Zhang defined e-commerce in the mobile internet age. He joined Alibaba in 2007 and Jack Ma appointed him chairman of the group in 2019.
By WU Yangyu, XU Shiqi
Alibaba announced on June 20 that chairman and CEO Daniel Zhang will step down in September. He will continue to head the cloud computing business, one of the six units the tech giants split into this March. Joseph Tsai and Eddie Yongming Wu, two executives that have been with Alibaba since its founding years, will succeed him as chairman and CEO.
Alibaba said last month that cloud computing will be spun off from the group in the next 12 months and seek an IPO independently.
Daniel Zhang shaped Alibaba as we know it today and defined China’s e-commerce in the mobile internet age. He joined Alibaba in 2007 from a gaming company as Taobao’s CFO and became its COO two years later.
Taobao, at that time, was a meeting place for small sellers and consumers, but Zhang invited large brands in and resuscitated the business-to-consumer arm, now known as Tmall. He invented the Single Day sales, and in a less-known but equally significant move, defied a boycott and raised merchant fees to sift out fakes and frauds, paving the way for Taobao’s rise in the next decade.
In 2013, Zhang was appointed COO of Alibaba Group. He convinced the management to “go all in on mobile internet.” By 2015, 289 million people logged into Alibaba sites every month, a third of all smartphone users in China.
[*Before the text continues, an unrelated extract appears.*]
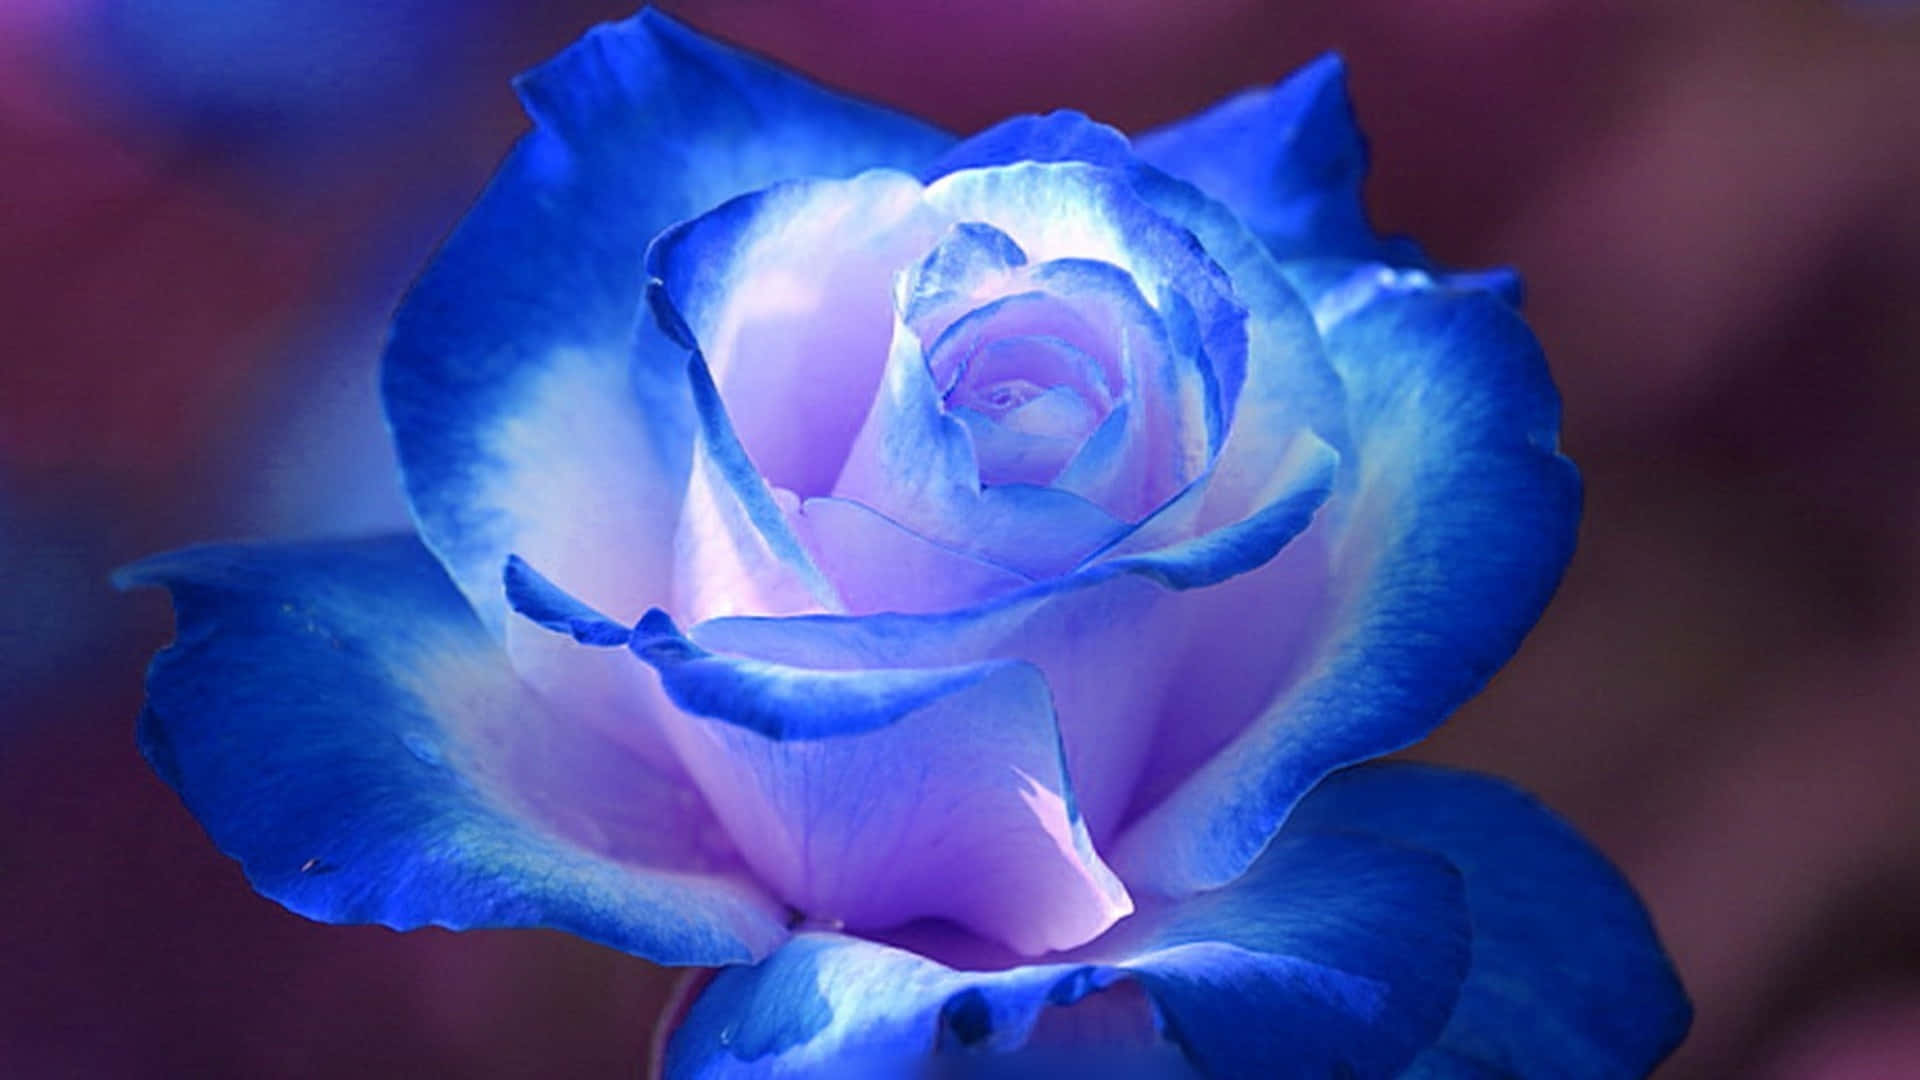 A Magnificent and Beautiful Rose

Zhang took over from founder Jack Ma and became CEO of Alibaba in 2015. The group, under his helm, expanded in almost every realm in everyday life from cloud computing to food delivery. To move new projects along more quickly, he came up with the "data middle office" to aggregate and process intelligence from all fronts. The structure has since been adopted by all big tech companies in China.
Jack Ma called Zhang “indisputably the best CEO in China” and appointed him chairman of the group in 2019, at Alibaba’s 20-year anniversary. Alibaba was in a 13-quarter streak of robust growth and its shares were on its way to the US$319 peak in October 2020. But in business, the only thing that is constant is change, and change came right afterward.
In November 2020, regulators called a halt to Ant Group’s blockbuster IPO at the eleventh hour. The next year, Alibaba was fined US$2.8 billion in an antitrust suit. Meanwhile, its e-commerce dominance was eroded by aggressive upstarts Douyin and Pinduoduo.
Zhang pushed forward a series of organizational reforms in 2021 to give each business unit more leeway. In a more drastic move, in March, Alibaba split into six units. Each will be independently run and can seek funding.
The split up is seen as a response to the new regulatory and business regime. Given its significance, however, both Ma and Zhang are tight-lipped. Jack Ma, after a year of absence from public view, reappeared in March. He is reported to have met with senior managers of Taobao and Tmall in May and told them to refocus on users and on the very basics of the internet.
In his rare recent appearances, Zhang has only talked about AI and large language models. The open letter announcing his job change was polite but not informative to nosy Alibaba followers. The split-up, he said, is going smoothly. He then thanked his colleagues and said he looked forward to a new journey.